Interesting: Recoil due to powder weight.

[Macchina]

Don't want to beat this to death, but I think it's important, and interesting to a lot of folks. I posted above (#18), but was a little vague. Here is the formula for calculating free recoil energy. The k here is a constant applied to the velocity of the powder gasses. Different constants are used because of the different dynamics of firearms. Shotguns with a long barrel use a low of 1.25 due to the relatively large bore, small powder charge, and low velocity. HP rifles use a high of 1.75, again relatively small bore, large charge and high vel. The reason it's not an 'exact' is that the powder gas column is expanding and the front of that expanding column will be different than the rear.

R.E. = [0.5 / M(gun)] * [M(bullet)*V(bullet) + M(powder)*k*V(bullet)]^2

Of course, you need to keep all the units in check; lbs, ft., sec.

Also don't forget to take the acceleration due to gravity out of the weight (pounds) of an object to get its mass (slugs). Acceleration due to gravity is obviously 32.2 ft/s^2.
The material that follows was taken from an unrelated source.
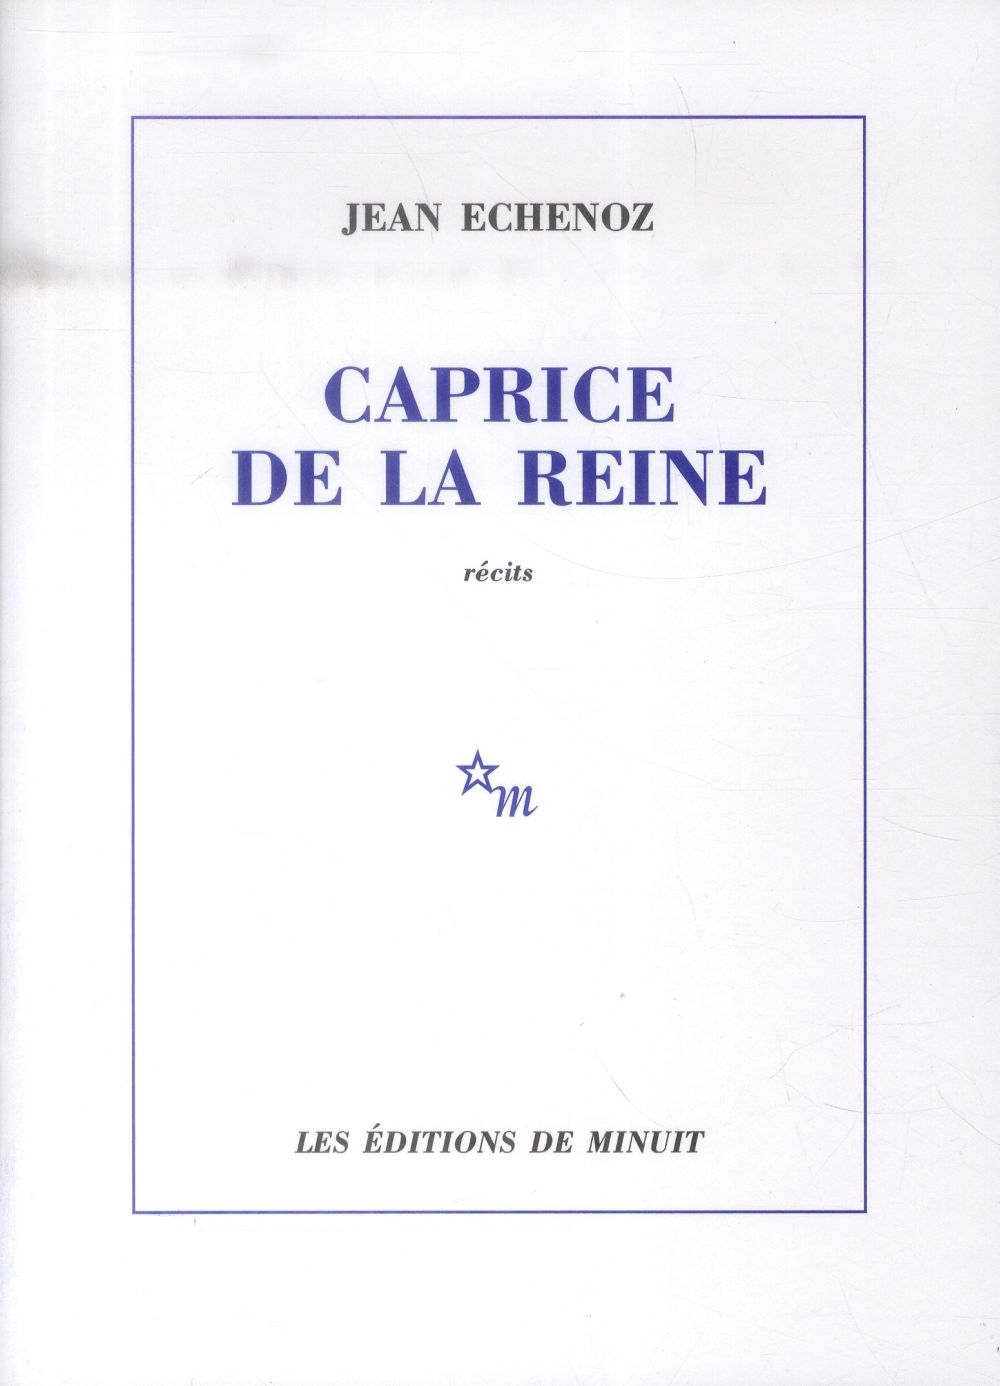 CAPRICE DE LA REINE Echenoz Jean

I.E. A 180 grain bullet weights 0.0257 pounds (weight). The mass of the object is 0.0257/32.2 = 0.000798 slugs (mass) for use in the equations above. By squaring the velocities in the equations above, you are converting the slugs back into pounds.

Note: Pounds Mass (Lbm) are not to be confused with Pounds Force (Lbf)... The beauty of the English System...

 

[jstein650]

Quote:
Originally Posted by Haxby
The online recoil calculators work well to calculate recoil.
And if you check you will see that powder weight is in the equation used to calculate recoil.
__________________
In God we trust, all others pay cash!



Of course, and little else! No mention of chamber pressure, time in barrel, length of barrel, powder burn rate... or anything else.

The reason I wanted to avoid any automatic on-line calculators, was to get to the heart of the matter as to what we're really looking at in the world of real world physics.

 

[jstein650]

"Also don't forget to take the acceleration due to gravity out of the weight (pounds) of an object to get its mass (slugs). Acceleration due to gravity is obviously 32.2 ft/s^2.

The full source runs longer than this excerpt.